3. The apparatus according to claim 2, further comprising:

a camera unit configured to take a facial image of the user;

a view position calculation unit configured to calculate the user's view position in a camera coordinate system of the camera unit from the facial image;

a fourth storage unit configured to store a position information of the camera unit in the world coordinate system; and

a second conversion unit configured to convert the user's view position to the view position in the world coordinate system, using the position information of the camera unit.

4. The apparatus according to claim 2, wherein

the view position in the world coordinate system is previously fixed.

5. The apparatus according to claim 2, wherein,

if a plurality of display units exists in the world coordinate system,

the first decision unit decides whether the half-line crosses each of the plurality of display units.

6. The apparatus according to claim 5, wherein,

if the first decision unit decides that the half-line crosses at least two display units,

the first decision unit selects one display unit having a cross position nearest to the view position in the world coordinate system, from the at least two display units, and

the second decision unit decides whether the half-line crosses the object displayed on the selected display unit.

7. The apparatus according to claim 2, wherein,

if a plurality of objects is displayed on the display unit,

the second decision unit decides whether the half-line crosses each of the plurality of objects.

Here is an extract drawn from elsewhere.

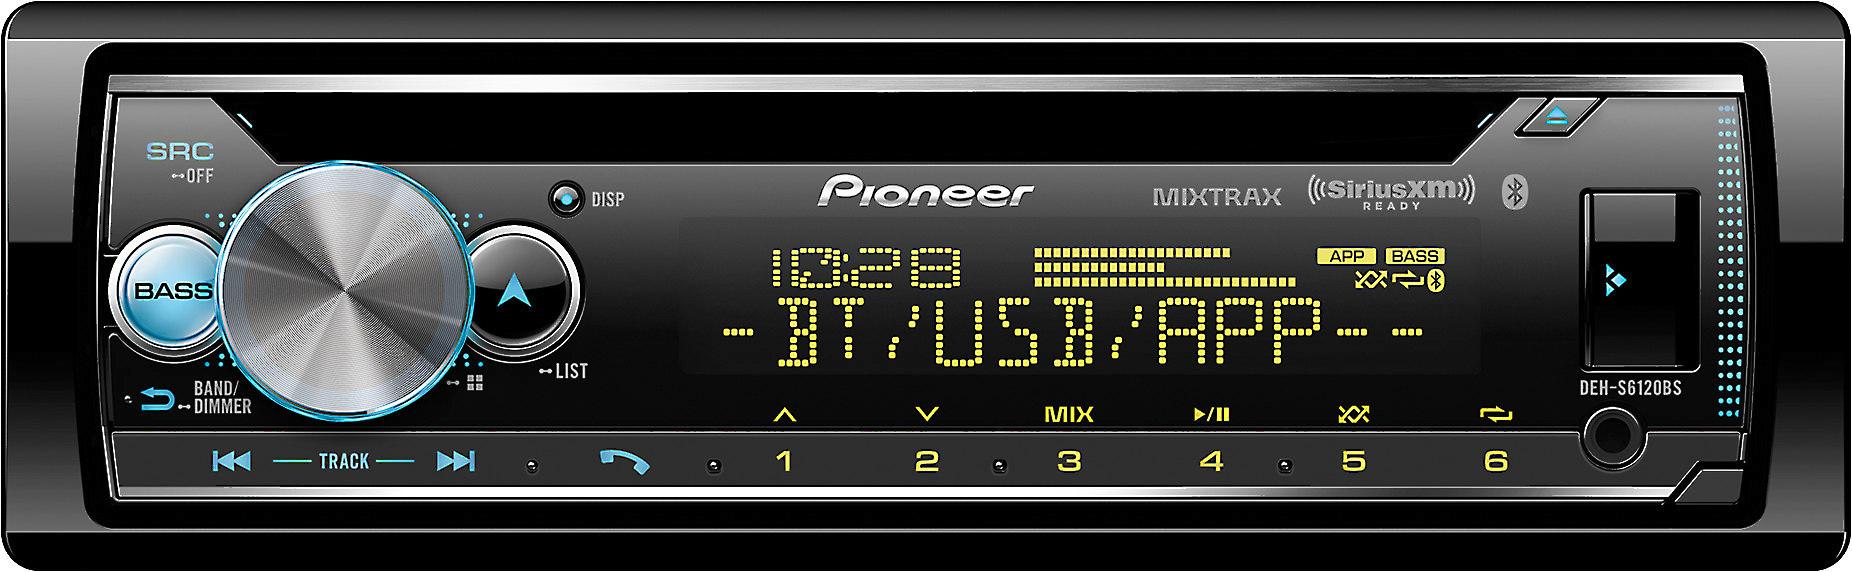 Pioneer DEH-S6120BS

8. The apparatus according to claim 2 further comprising:

a real object position storage unit configured to store a position information of a real object in the world coordinate system, the real object being visible by the user via the touch panel; and

a third decision unit configured to decide whether the half-line crosses the real object using the position information of the real object.

9. The apparatus according to claim 8, wherein,

if a plurality of real objects exists in the world coordinate system,

the third decision unit decides whether the half-line crosses each of the plurality of real objects.

10. The apparatus according to claim 9, wherein,

if the third decision unit decides that the half-line crosses at least two real objects,

the third decision unit selects one real object having a cross position nearest to the view position in the world coordinate system, from the at least two real objects.

11. The apparatus according to claim 8, wherein,

if it is decided that the half-line crosses the display unit and the real object,

the third decision unit decides whether a cross position of the display unit is nearer to the view position than a cross position of the real object in the world coordinate system, and

if the third decision unit decides that the cross position of the display unit is nearer to the view position,

the second decision unit decides whether the half-line crosses the object displayed on the display unit.

12. A method for detecting an object pointed by a user, comprising:

detecting a user's touch position on a touch panel by a touch position detector;

converting the user's touch position to a touch position in a world coordinate system, using a position information of the touch position detector in the world coordinate system;

generating a half-line connecting the touch position and a view position of the user in the world coordinate system;

deciding whether the half-line crosses a display unit using a position information of the display unit in the world coordinate system, the display unit being separately located from the touch panel and displaying an object visible by the user via the touch panel; and

deciding whether the half-line crosses the object on the display unit using a position information of the object in a screen coordinate system of the display unit, when it is decided that the half-line crosses the display unit.